Last update: Oct 30, 2025

Ranpak Holdings Corp (NYSE:PACK) reported third-quarter financial results that presented a mixed picture for investors, with revenue growth and strategic progress weighed down by a wider-than-expected loss, triggering a negative market reaction in pre-market trading.

Third Quarter 2025 Financial Performance vs. Estimates

Ranpak posted Q3 2025 net revenue of $99.6 million, falling short of the analyst consensus estimate of $101.9 million. This represents an 8.0% year-over-year increase, or 4.4% on a constant currency basis.

The company reported a net loss of $10.4 million, or a loss of $0.12 per share. This significantly missed the analyst expectation for a non-GAAP loss of $0.087 per share.

Key financial results versus estimates include:

  • Revenue: $99.6 million reported vs. $101.9 million estimated (Miss)
  • EPS (Non-GAAP): -$0.12 reported vs. -$0.087 estimated (Miss)

The market's immediate response was negative, with the stock down approximately 7.7% in pre-market trading following the earnings release.

Operational Highlights and Business Segment Performance

The earnings report was not without its bright spots, particularly regarding the company's strategic initiatives. Chairman and CEO Omar Asali characterized the quarter as a "major stepping stone" and highlighted a transformative partnership with Walmart. The agreement involves 22.5 million warrants for Walmart, which vest based on spending targets that could imply up to $700 million in total spend over ten years.

A key driver of growth was the Automation segment, which saw net revenue surge 63.0% year-over-year to $11.9 million.
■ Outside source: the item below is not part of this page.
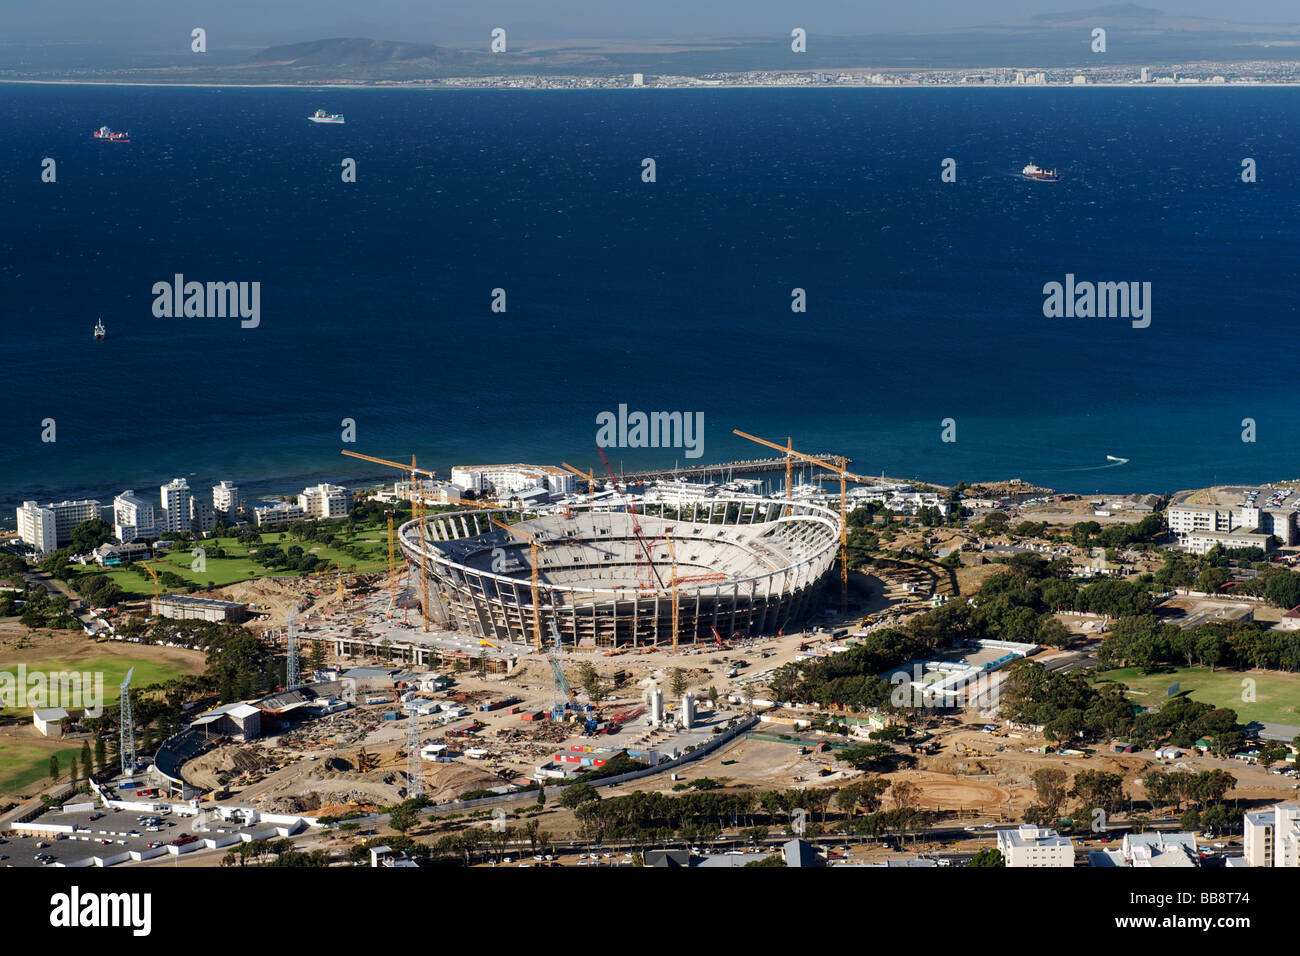 View of the 2010 FIFA world cup stadium under construction in Greenpoint, Cape Town, South Africa Stock Photo

The company noted that Automation remains on track to achieve $40–$45 million in net revenue for the full year 2025. In contrast, the core Protective Packaging segment saw a more modest revenue increase of 3.3%, with global volumes experiencing a slight contraction.

Profitability metrics showed improvement sequentially, with gross margins expanding to 34.5% from 31.1% in the second quarter. Adjusted EBITDA grew 8.1% to $21.4 million, though this figure was impacted by a $0.8 million non-cash warrant adjustment.

Balance Sheet and Forward Outlook

Ranpak maintained a solid liquidity position, ending the quarter with $49.9 million in cash and no borrowings on its $50 million revolving credit facility. The company expressed confidence in its margin trajectory and expects to finish 2025 on a high note.

While the press release did not provide a specific quantitative financial outlook for the next quarter or full year beyond the Automation revenue target, the company's commentary emphasized building momentum, particularly in North America, and a foundation for sustainable growth.

Conclusion

Ranpak's third-quarter results highlight the company's ongoing transition. Strong growth in the high-potential Automation business and a landmark partnership with Walmart signal future potential. However, a miss on both top and bottom-line estimates, coupled with a net loss, underscores the near-term challenges and costs associated with this strategic shift. The market's negative reaction reflects investor concern over the company's current profitability amidst its growth investments.

For a detailed look at historical earnings and future analyst estimates for Ranpak Holdings Corp, you can review the data here.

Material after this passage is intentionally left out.